Одна история о рок-музыке, проданной душе и земляничном запахе
Я всегда думал, что такие бары в маленьких городках бывают только в кино. Герой в крутой одежде заходит, заказывает пиво и встречает одинокую женщину в красном платье с глубоким декольте.
На мне нет крутой одежды, но я вошёл в бар, заказал пиво и сижу напротив одинокой женщины, стараясь не смотреть на глубокий вырез её платья, пока та потягивает красное вино.
— Ты приехал издалека, — говорит она. В её пышных чёрных локонах играют неоновые отблески.
— Что меня выдало? — спрашиваю я.
Вместо ответа она допивает вино. Негромкий перезвон бокалов и стук шаров из-за двери бильярдной заглушает включенная барменом музыка. С первой «соль» узнаю «Rolling Stones».

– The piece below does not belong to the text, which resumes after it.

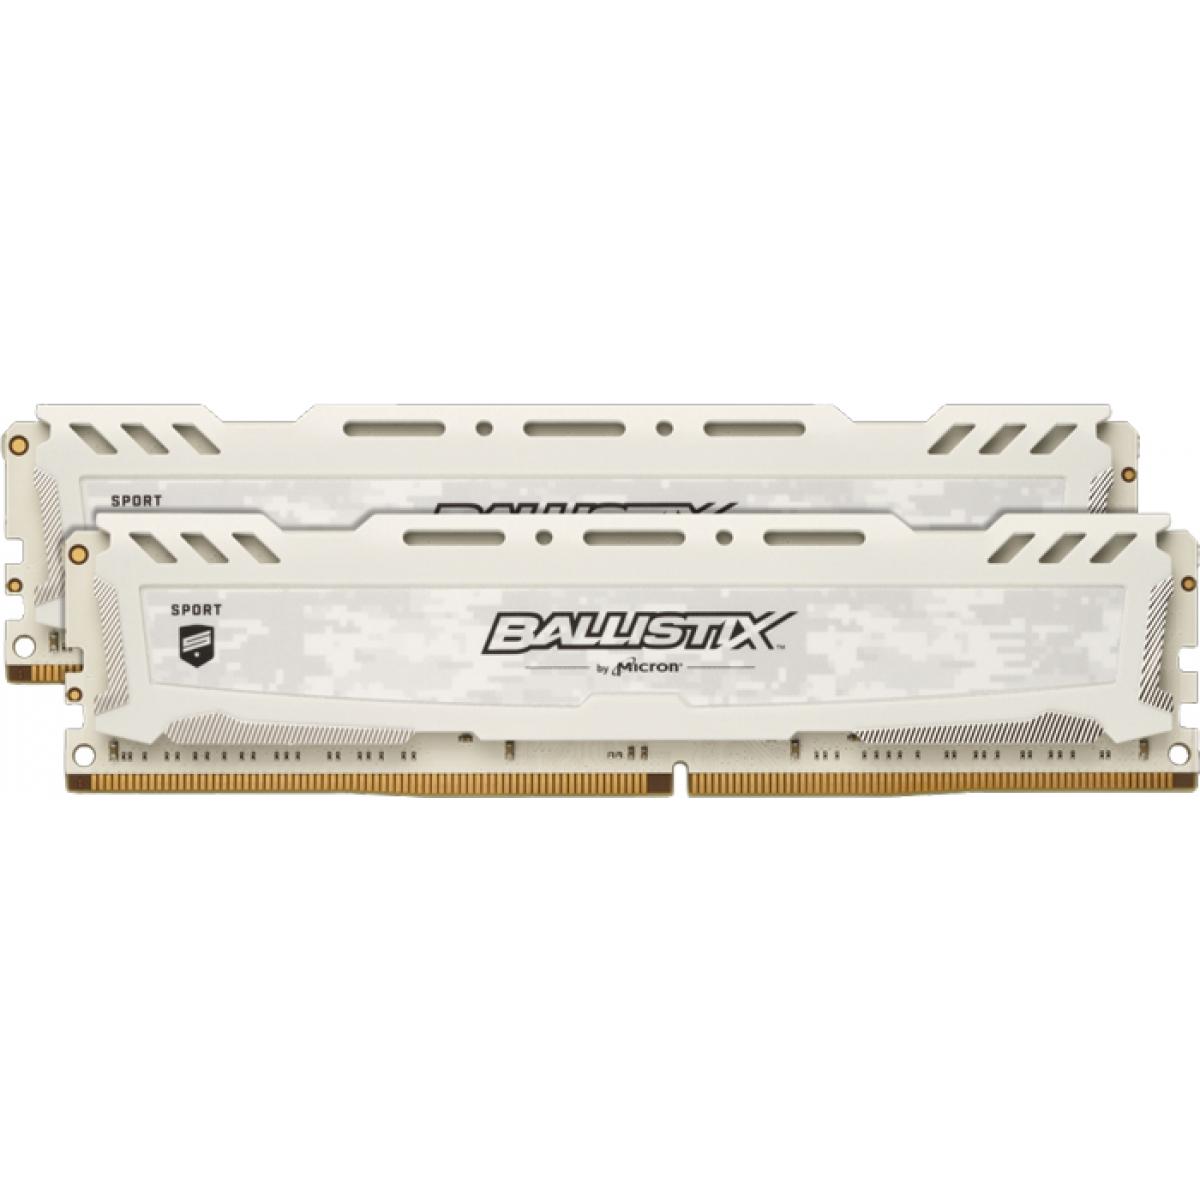 Memória DDR4 Crucial Ballistix Sport Lt, 16GB (2x8GB) 3000MHz, White, BLS2K8G4D30AESCK

— Расскажи мне о себе, — наконец говорит незнакомка, отставив опустевший бокал.
— Ну, я — рок-музыкант… Возможно, вы слышали? Наша группа называется…

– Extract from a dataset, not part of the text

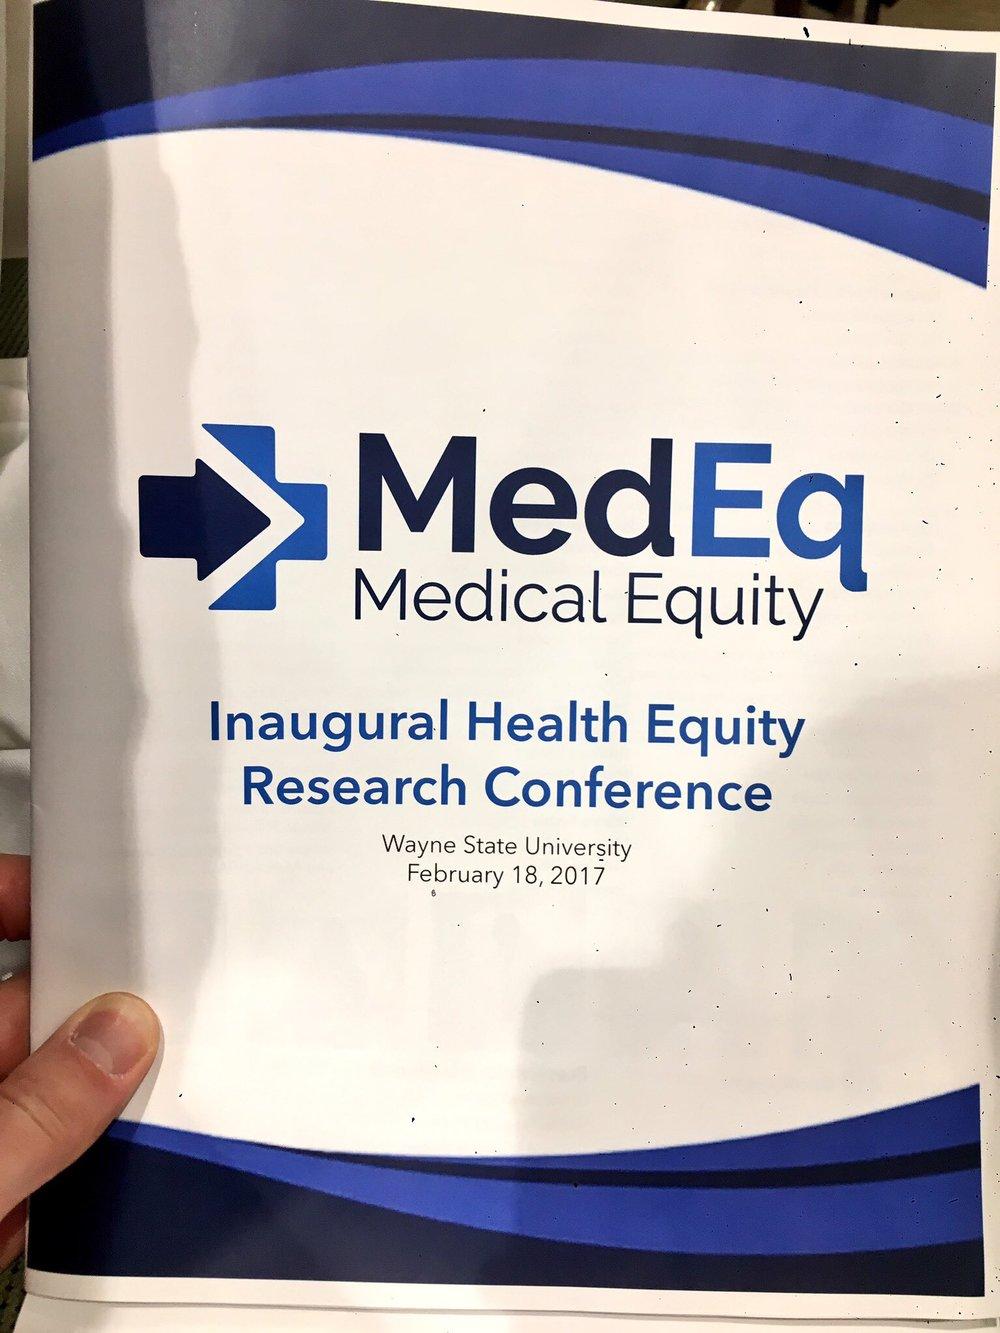 Plum Health Medical Equity 01.JPG

Она подносит палец к моим губам и спрашивает:
— Зачем ты здесь? Одним словом.
— Ищу.
Она лишь кивает, будто понимает, о чём я. Некоторое время мы молча смотрим друг на друга, я приканчиваю пиво. Из хриплых динамиков под потолком старина Мик призывает: «…so don’t play with me, ‘cos you play with fire», а за столиком в дальнем углу два амбала в спецовках начинают нестройно подпевать.
— Я многого добился, — говорю я. — Меня знают по всему миру, меня любят по всему миру. Ну, хорошо, может быть — кроме Африки… Неважно, — мотаю головой, в которую начинает ударять алкоголь. — У меня есть любые деньги и любые женщины, но мне это не нужно. Я уже три года не выпускал новых альбомов. На концертах мне не хватает драйва. Я… я просто ищу себя заново. И нигде не могу найти.
* * *
Сентябрь. Мне семнадцать лет, и я заканчиваю одиннадцатый класс в Москве. Новая математичка меня очень любит:
— Петров, это уже ни в какие рамки! Как ты собираешься закончить школу, когда ты даже не знаешь, что такое многочлен?!
— Ну как же не знаю, Елизавета Сергеевна, — хитро улыбаюсь я. — Это такая мутация половых органов…
На задних партах слышны смешки, умело маскируемые под кашель. Елизавета Сергеевна становится пунцовой. После нудной нотации, закончившейся конечно же моим внешним видом, я отправляюсь за парту.
— Зачем ты её так? — оборачивается сидящая впереди Скворцова. — Десятиклассники говорят, она та ещё крыса — директору настучит, а тот предкам твоим.
— Да плевать, в первый раз, что ли? Зато весело. Смотри, какое у неё теперь лицо свекольное…
— Дурак ты, Миша. — Одноклассница резко отворачивается.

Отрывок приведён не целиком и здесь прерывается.